Szczenięta są super, to czysta karta! Glina do ulepienia, diament do oszlifowania! Wszystko super, ale co, jeśli nie mam szlifierki? (albo tegokolwiek, czym się szlifuje diamenty). Jestem osobą, która zdecydowanie wybrałaby dorosłego psa, gdyby nie kot, którego reakcji się bałam. Czysta karta jest ok, to prawda, ale ta czysta karta oznacza też, że psa trzeba nauczyć dosłownie wszystkiego - wszystkiego, wliczając w to wspólne życie. Wiecie, co mam na myśli? Chodzi mi o to, że szczeniak nie potrafi nawet zostać sam, bez zaalarmowania całej okolicy (przynajmniej mój szczeniak!). WIEM. WIEM, ŻE ZNOWU WYCHODZI ZE MNIE KRYSTYNA, ale ja to nic w porównaniu do mojej siostry, która kiedy Panda była mała, próbowała mi ją z rozpaczy sprzedać. 


DSC_0397

A Wy? Lubicie szczeniaki, czy wolicie dorosłe psy? Myślicie, że przesadzam, a te małe kreaturki to sama słodycz?


*a może i Wy nie lubicie?

 

15 comments:

  1. Mimo wszystkich kup, wyrzuconych dywanów, osikanych podłóg i zjedzonych ścian zawsze wybiorę szczeniaczka. Najbardziej chyba sprawiało mi radość patrzenie na te małe kluski i myślenie 'nie mogę się doczekać żeby zobaczyć co z tego wyrośnie!'. I wyrosło. Dzisiaj ma rok. Od 3 w nocy na mnie szczeka i wyje. Bo tak. Nie wiem. Dostał jeść, zrobił te swoje kupy, obsikał ulubione krzaki, ale nie, on chce 'COŚ'. Uwielbiam szczeniaczki, no bo ej, mają słodkie noski.

    ReplyDelete
  2. Co masz za pieska? Nie wiem, jak czytam, że mają słodkie noski, to myślę: awwwww; ale potem patrzę w puste oczy mojego niszczyciela i ... dorośnij już!

    ReplyDelete
  3. Samoyed. Potrafi usiąść przede mną i po prostu się patrzeć. Nic więcej. Gapi się tymi swoimi wielkimi czarnymi pustymi oczami, a ta czarna pustka patrzy w ciebie. Powinnaś się cieszyć, że masz owczarka, one przynajmniej coś rozumieją i są kumate, te samojedy tylko się gapią. i drapią. po oku. w środku nocy. słodkie noski.

    ReplyDelete
  4. Hahahaha :D Pamiętaj, słodkie noski, urocze mordki, niezgrabny, zabawny chód.. I tak powtarzaj!

    ReplyDelete
  5. No i te puchate futerko! Ale serio, cokolwiek nie wyrośnie z tych czystych kart, zawsze możesz poklepać się po piersi z poczuciem dumy i powiedzieć 'to ja GO zepsułam, jest idealny'. Przy wzięciu dorosłego psa nigdy nie będziesz czuć, że te wszystkie problemy to Twoja zasługa.

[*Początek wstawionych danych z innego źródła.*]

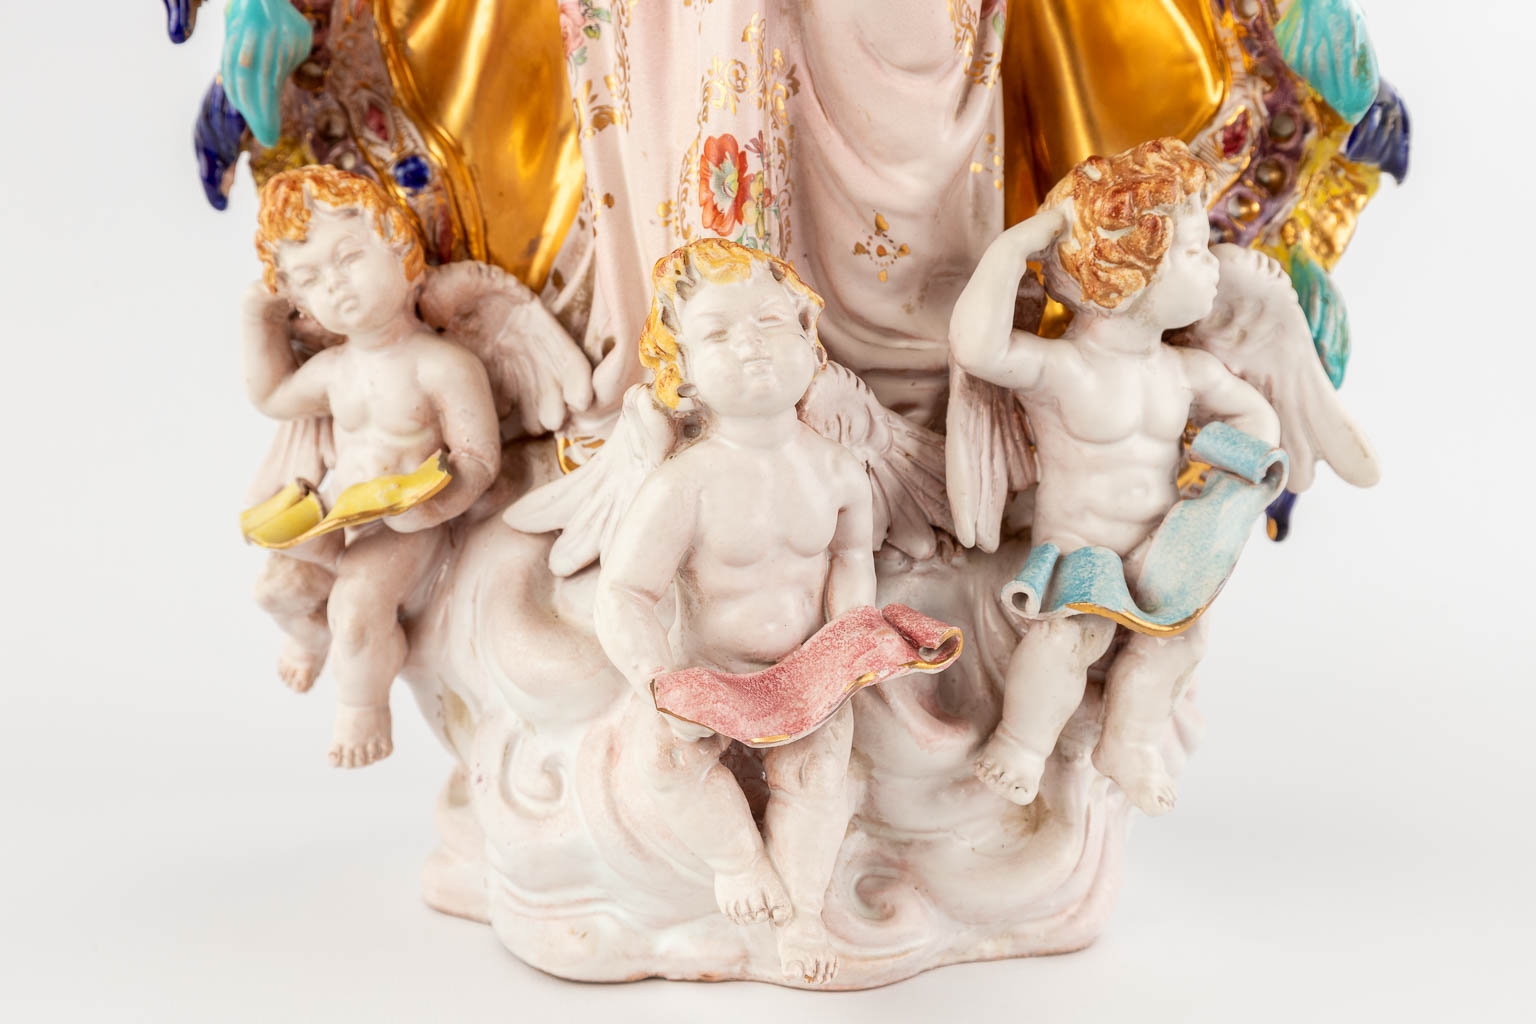 Paolo MARIONI (XX) A large polychrome terracotta figurine of Madonna with children, 20th C. (D:18 x W:31 x H:65 cm)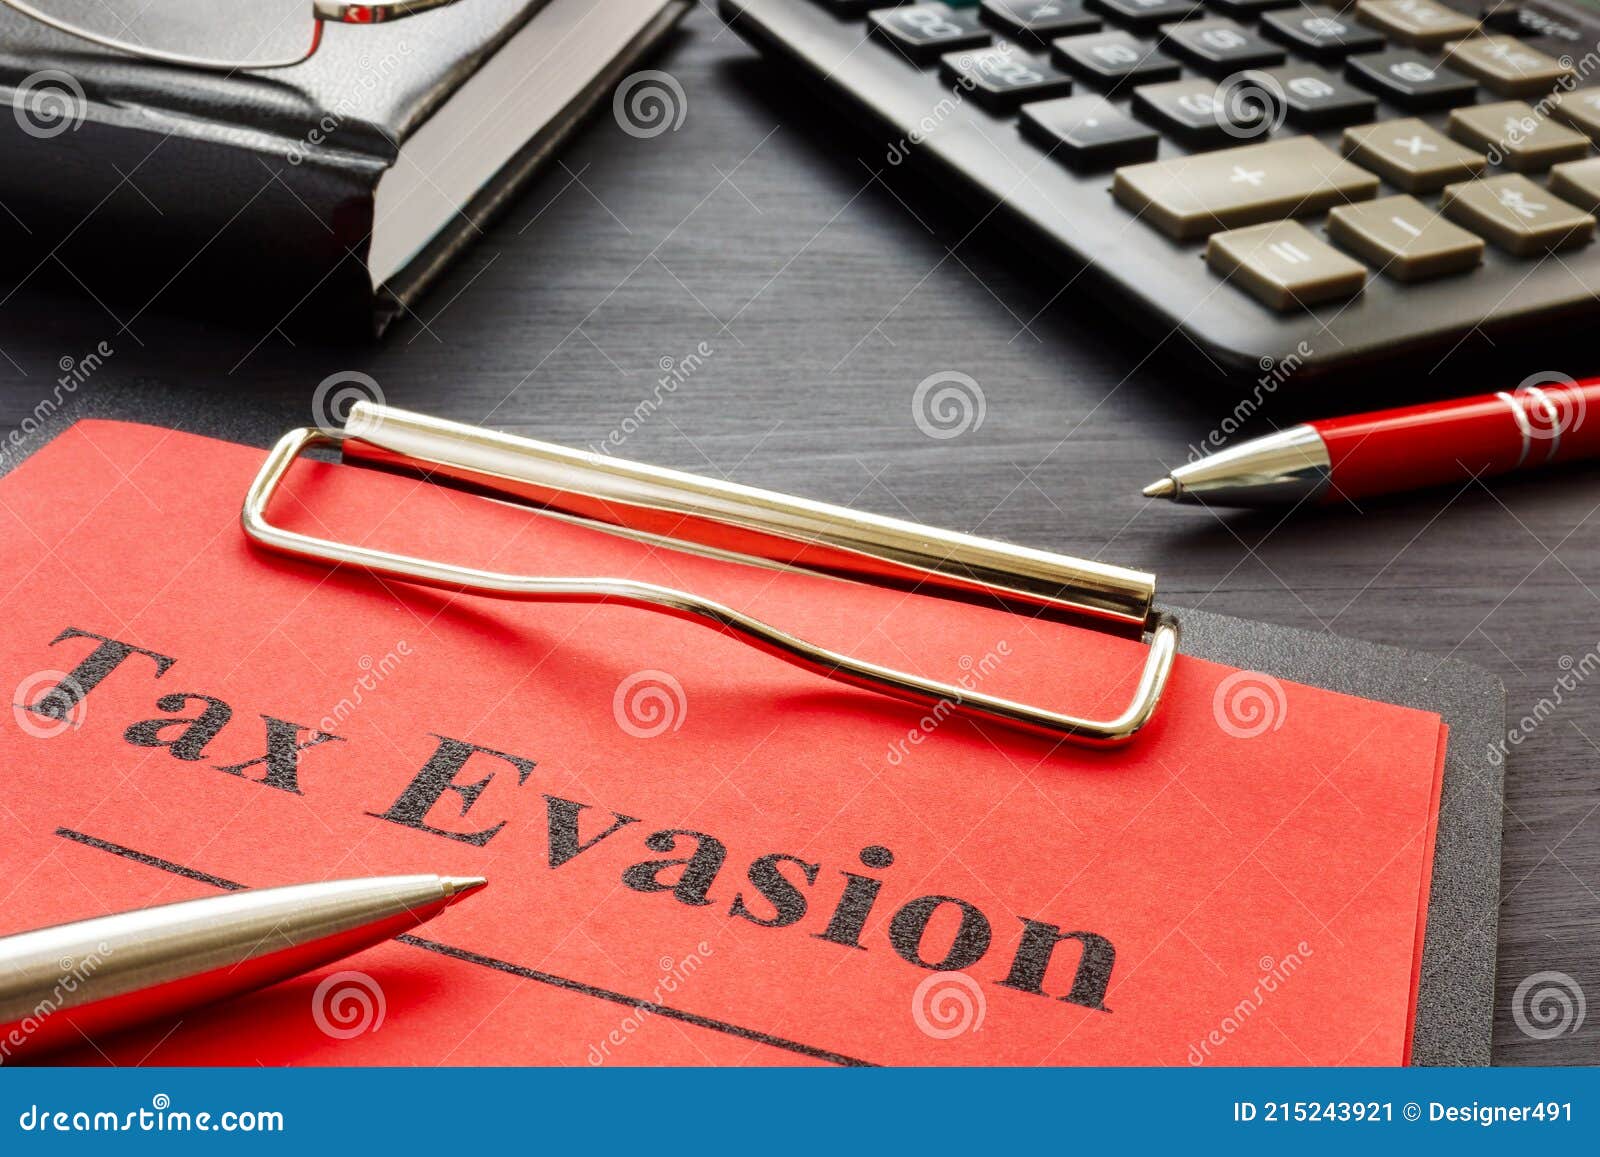 tax evasion result of audit with clipboard.

Po 3 latach wychowania ON, wystarczy, że spojrzę i wiem czego dokładnie chce, i wiem że to moja wina, że szczeka na mnie jak nie dostanie śniadania przed spacerem. A ja daję te śniadanie, bo jestem leniwa, a oduczenie rzeczy wymaga ciężkiej pracy.

    ReplyDelete
  6. Hahahahahaha! Nie pamiętałam, ze próbowałam Ci ja sprzedać, a faktycznie tak było!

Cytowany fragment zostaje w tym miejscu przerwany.